If you are on Linux, you will additionally need to add deps/native/linux to LD_LIBRARY_PATH. One way to do so is to launch Eclipse as follows in a terminal, where the actual path to deps/native/linux is substituted in for <path/to/deps/native/linux>:

	$ LD_LIBRARY_PATH=<path/to/deps/native/linux>:$LD_LIBRARY_PATH eclipse

The HDR output file will have a .exr extension. HDR images are becoming fairly widely supported; handy tools you can use to view them include:

  • HDRView, a minimal but convenient viewer that is cross-platform but comes precompiled only for MacOS.
  • IrfanView, a mature and full featured image manipulation program that's free for commercial use but is Windows-only.
  • The qt4image app, part of HDRITools package from which our JNI library also comes, which is cross-platform but very minimal.
  • The Preview app that comes with MacOS, which is handy (you can adjust exposure in the Adjust Color dialog) but has a habit of overwriting your files without asking.
  • Photoshop, the widely used image manipulation program, if you already happen to own a license.
The writeHDR variable in RayTracer can be set to false to output PNG images, but pixel values above 1.0 will be clipped.

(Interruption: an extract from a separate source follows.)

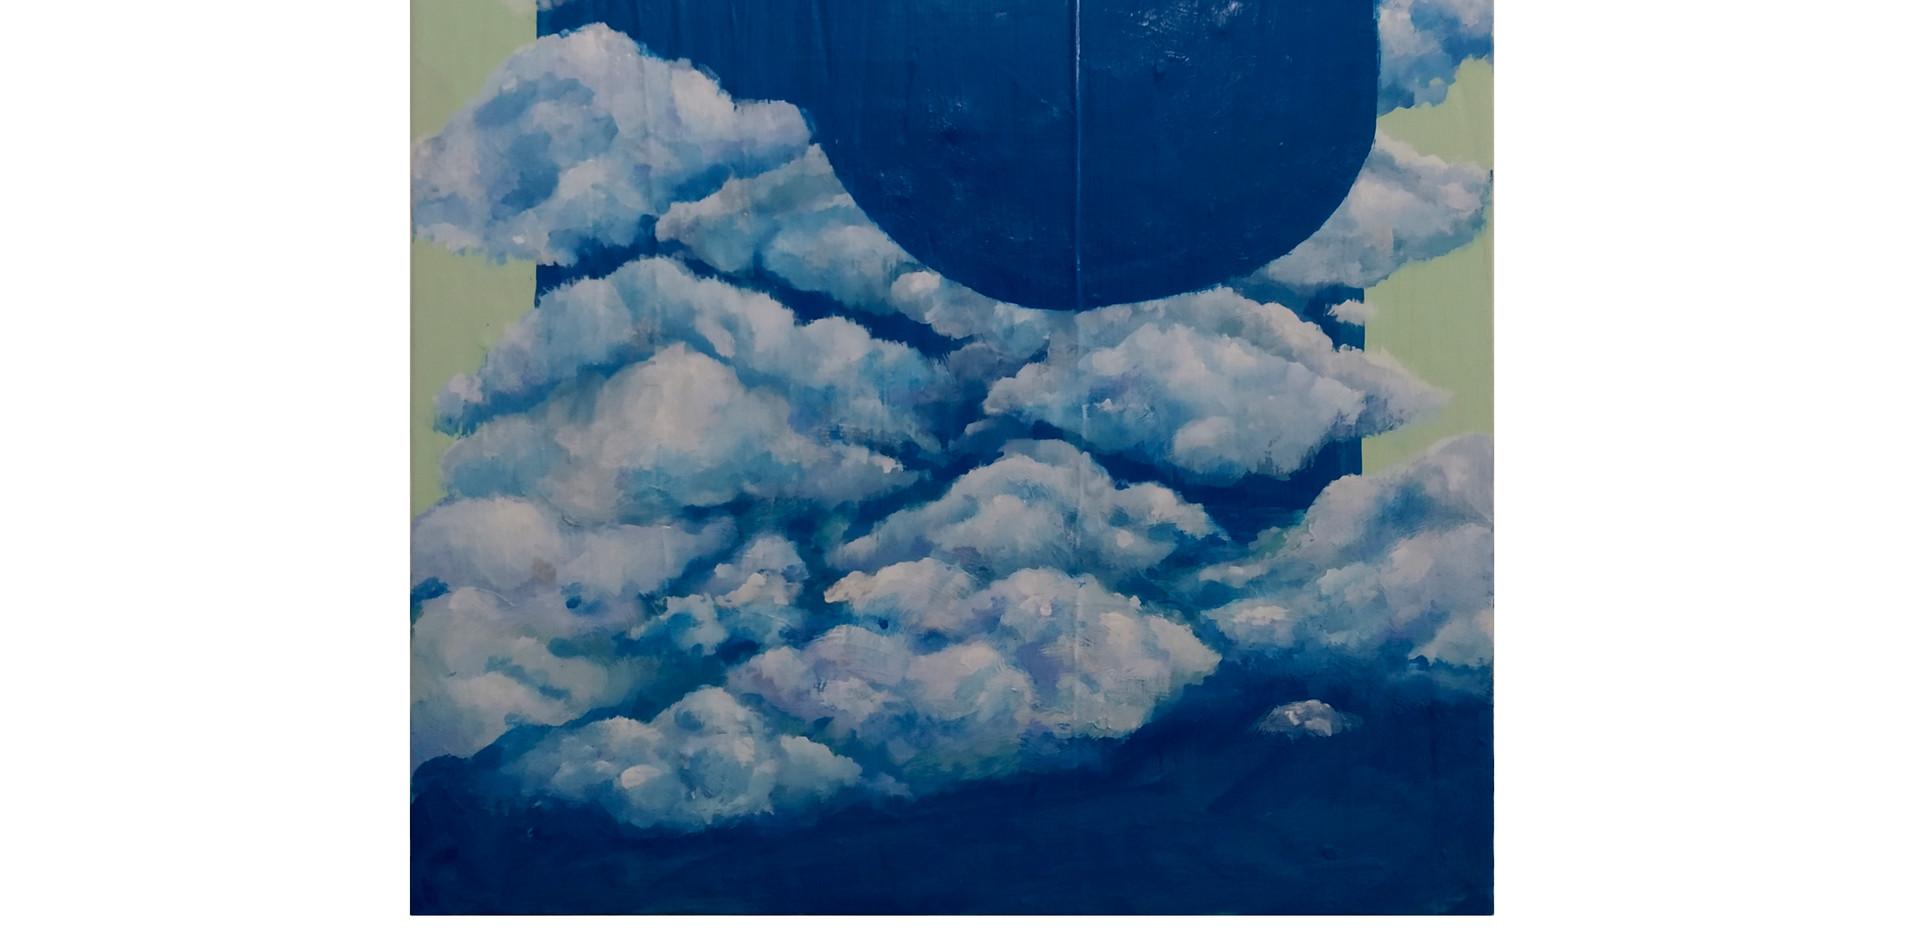 Série ponto de vista (Nublado) | 2020  Acrílica e argamassa sobre tela  37,5 x 46 cm

Specification and Implementation

We have marked all the functions or parts of the functions you need to complete with TODO#A2 in the source code. To see all these TODO's in Eclipse, select Search menu, then File Search and type "TODO#A2". There are quite a few separate code snippets to complete in this assignment. To check your progress as you go along, we recommend implementation in the following order.

Cameras

An instance of the Camera class represents a camera in the scene. It must implement the following methods:

  public void init()
This method performs one-time setup after the scene (including the camera) is read and before rendering begins. You will want to use it to set up an orthonormal basis for the camera based on the view and up directions, so that you don't waste time doing this computation for every ray.
  public void getRay(Ray outRay, double inU, double inV)
This method generates a new ray starting at the camera through a given image point and stores it in outRay. The image point is given in UV coordinates, which must first be converted into view coordinates. Recall that an orthographic camera produces rays with varying origin and constant direction, whereas a perspective camera produces rays with constant origin and varying direction.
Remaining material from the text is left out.